Mr. Kumar ended a long tradition of consultation with students and faculty members and, according to teachers and students, curtailed a longstanding policy of encouraging applications from people of lower castes and other disadvantaged groups.
To inculcate “patriotism” and martial pride, he invited retired soldiers to campus and proposed putting a battle tank on display.
Nearly 50 members of the federal Parliament sent a letter to the education minister in January 2019 complaining that the university was being “destroyed.”
In recent years, students linked to far-right groups have physically attacked other students over their liberal and secular views, bashing them with sledgehammers, iron rods and bricks. Amid a wave of student protests in 2019 over a law that opponents called anti-Muslim, officers in riot gear raided a library at another university and beat up students with bamboo sticks. At yet another university, officers fired stun grenades at students.

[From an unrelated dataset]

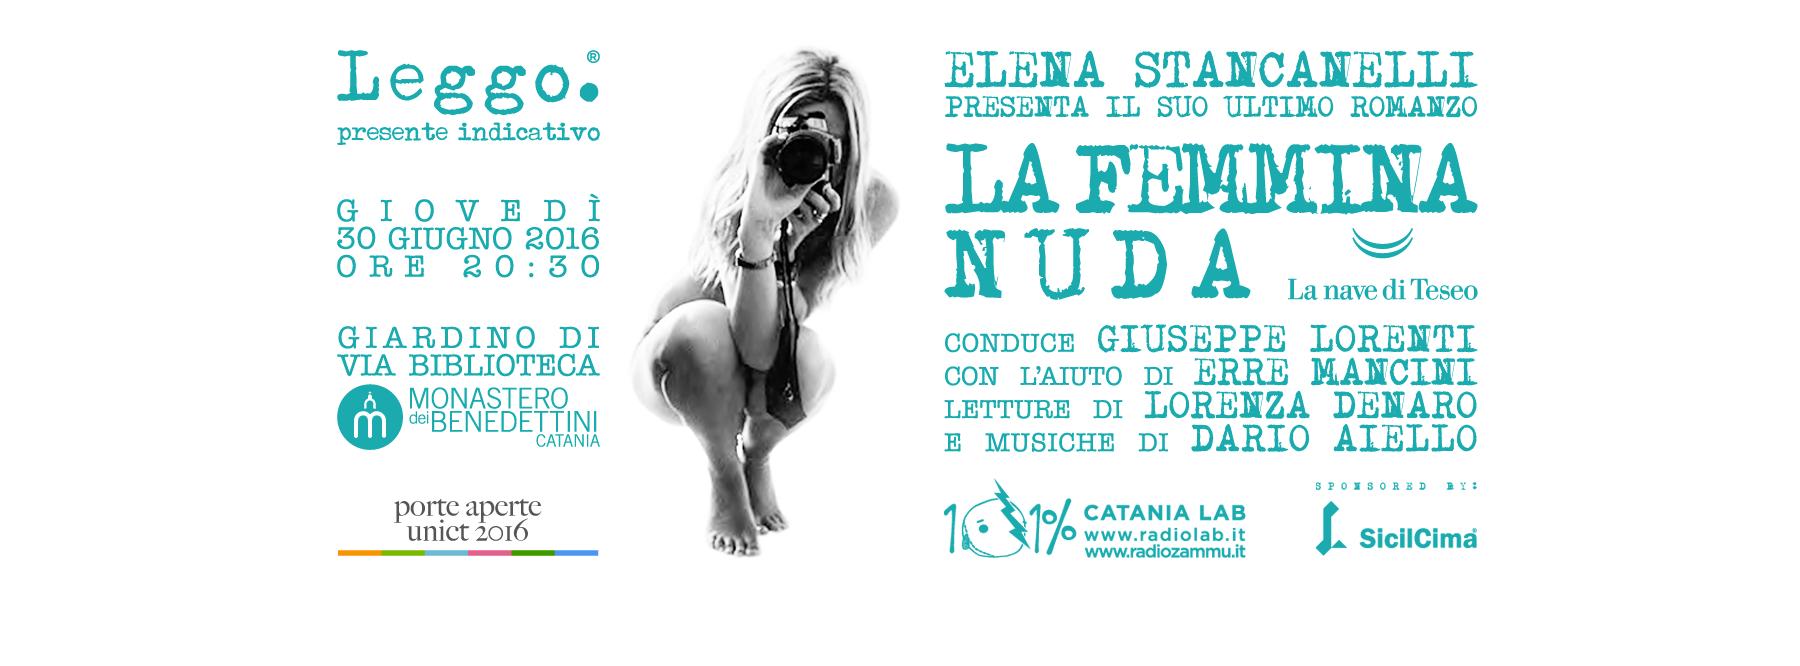 LEGGO CON ELENA STANCANELLI: LA FEMMINA NUDA
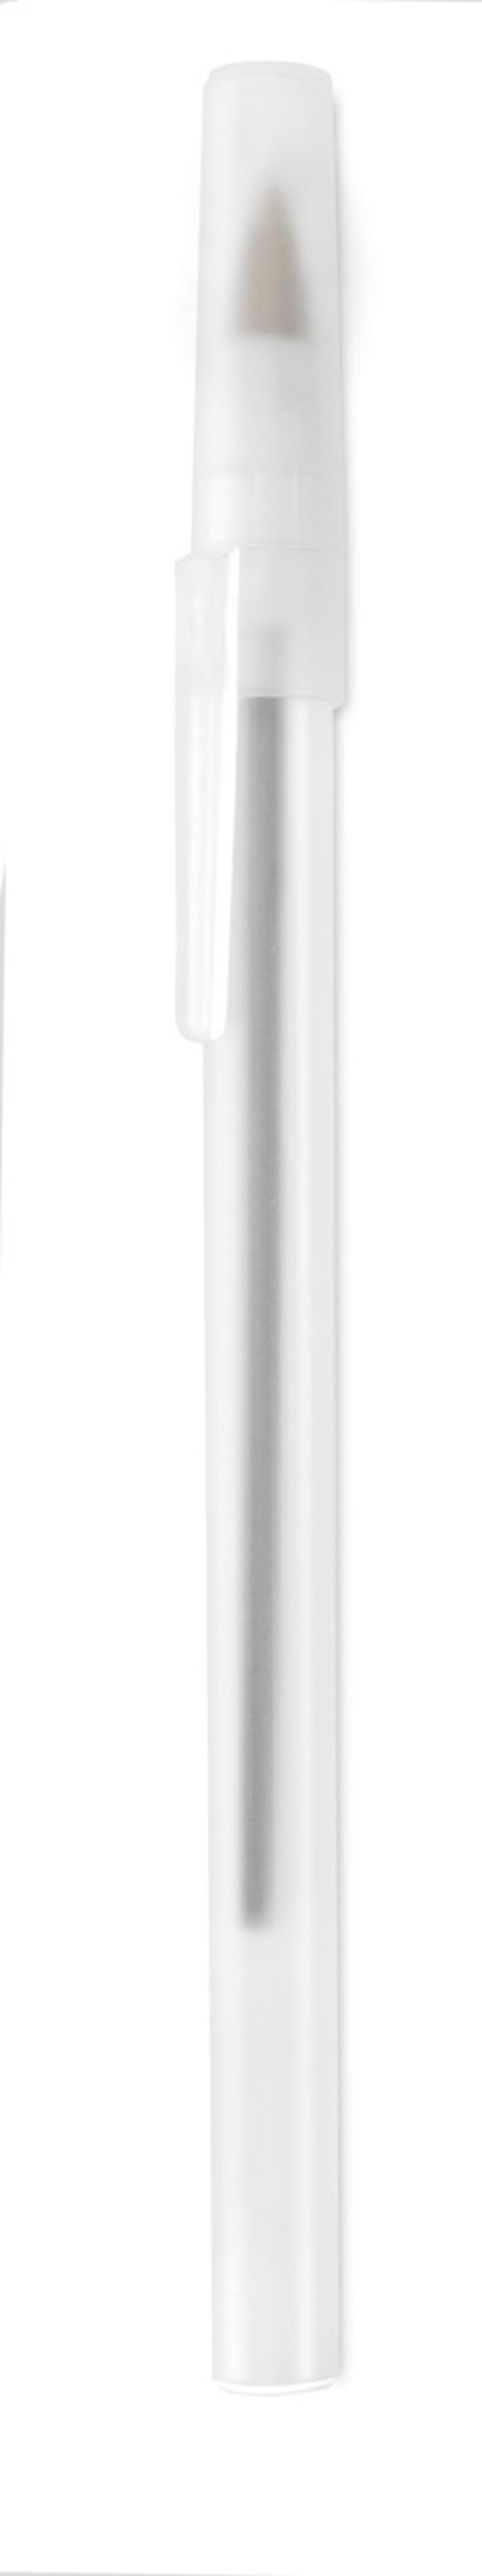 Acrel ballpoint pen

After masked men stormed the J.N.U. campus and attacked students in January 2020, university alumni who were officials in Mr. Modi’s government quickly condemned the violence. But a politician from his party later justified the attack by describing the campus as a “hub of sex and drugs” that churns out thousands of used condoms and empty liquor bottles daily.
Last year, members of the R.S.S., the right-wing group, tried to intimidate students by carrying out marches with sticks and saffron flags — an emblem of Hinduism — on campus.
Nazar Mohamed Mohideen, a J.N.U. student who has campaigned for affirmative action and is a follower of an anti-caste revolutionary resented by Hindu nationalists, said he was declared a security threat to other students and barred by his professor from entering a laboratory.
Members of the student wing of the R.S.S. beat him up during a scuffle when he tried to save a portrait of the anti-caste revolutionary, Periyar, he said. (The group denied that allegation.) In October, Mr. Mohideen received a letter from the university saying he could not continue his Ph.D. studies, a decision he is challenging in court.
“My fight against oppression,” Mr. Mohideen said, “turned me into a visible enemy.”
Avinash Kumar, a representative of the J.N.U. teachers association, said the right-wing campaign against the university had changed its very nature.
“Ours was a campus which helped realize the real motto of education,” empowering students across caste and class and breaking down societal hierarchies, he said. But those values are antithetical, he added, to “what the ruling regime represents now.”
“Any space where this kind of environment flourishes, they crush it,” he said.